Using the formula for the volume of a cone, V = (1/3) * π * r^2 * h, we can find the volume in terms of h1 and r:
V = (1/3) * π * r^2 * h1
To relate the change in volume V to the change in height h1, we can differentiate both sides of the equation with respect to time t (since the rates are given in terms of minutes):
dV/dt = (1/3) * π * (2r * dr/dt * h1 + r^2 * dh1/dt)
Now, we need to express dr/dt (the change in radius with respect to time) and dh1/dt (the change in height with respect to time) in terms of the known rates:
Given that dr/dt = dh1/dt (the radius is changing at the same rate as the height is rising), we can substitute them into the equation:
dV/dt = (1/3) * π * (2r * dr/dt * h1 + r^2 * dh1/dt)
= (1/3) * π * (2r * dr/dt + r^2 * dh1/dt) * h1
Now, let's substitute the known values into the equation:
- The tank height H is 15 meters.
- The height of the water h1 is 1.0 meters.
- The rising rate dh1/dt is 21 centimeters per minute (-0.21 meters per minute).
Since the overall height H = h1 + r, we can solve for r using the given values:
r = H - h1
= 15 - 1.0
= 14.0 meters
Now, we can substitute the known values into the equation:
dV/dt = (1/3) * π * (2 * 14.0 * dr/dt + 14.0^2 * (-0.21)) * 1.0
We are left with one unknown value, dr/dt (the rate at which the radius changes with time).

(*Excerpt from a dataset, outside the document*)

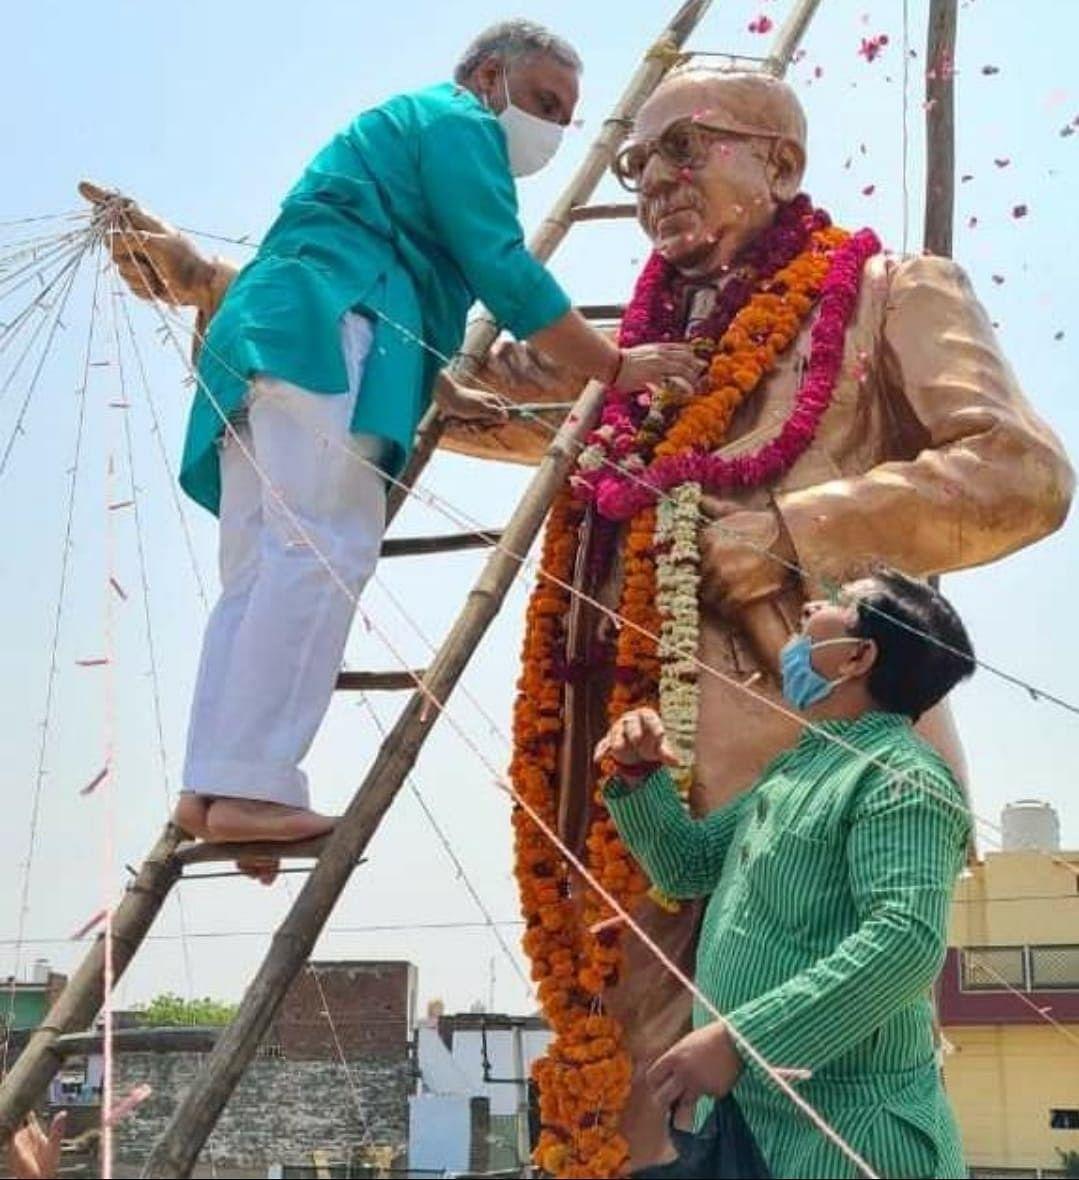 ambedkar-ji-gave-a-new-direction-to-the-society-karmaveer-singh

To find dr/dt, we use the fact that the rate at which the water level is rising is 21 centimeters per minute:
dh1/dt = 21 centimeters per minute
= 0.21 meters per minute
Since dr/dt = dh1/dt, dr/dt also equals 0.21 meters per minute.
Substituting dr/dt = 0.21 into the equation yields:
dV/dt = (1/3) * π * (2 * 14.0 * 0.21 + 14.0^2 * (-0.21)) * 1.0
Simplifying further:
dV/dt = (1/3) * π * (5.88 - 41.16) * 1.0
dV/dt = (1/3) * π * (-35.28) * 1.0
≈ -36.91π cubic meters per minute
Since the leaking rate is also given as -12200 cubic centimeters per minute, we can convert dV/dt to cubic centimeters per minute:
-36.91π m^3/minute ≈ -116017.39 cm^3/minute
For the rising rate, a positive value is given, so we drop the negative sign and write our final answer:
116017.39 cubic centimeters per minute.
Therefore, the rate at which water is being pumped into the tank is approximately 116017.39 cubic centimeters per minute.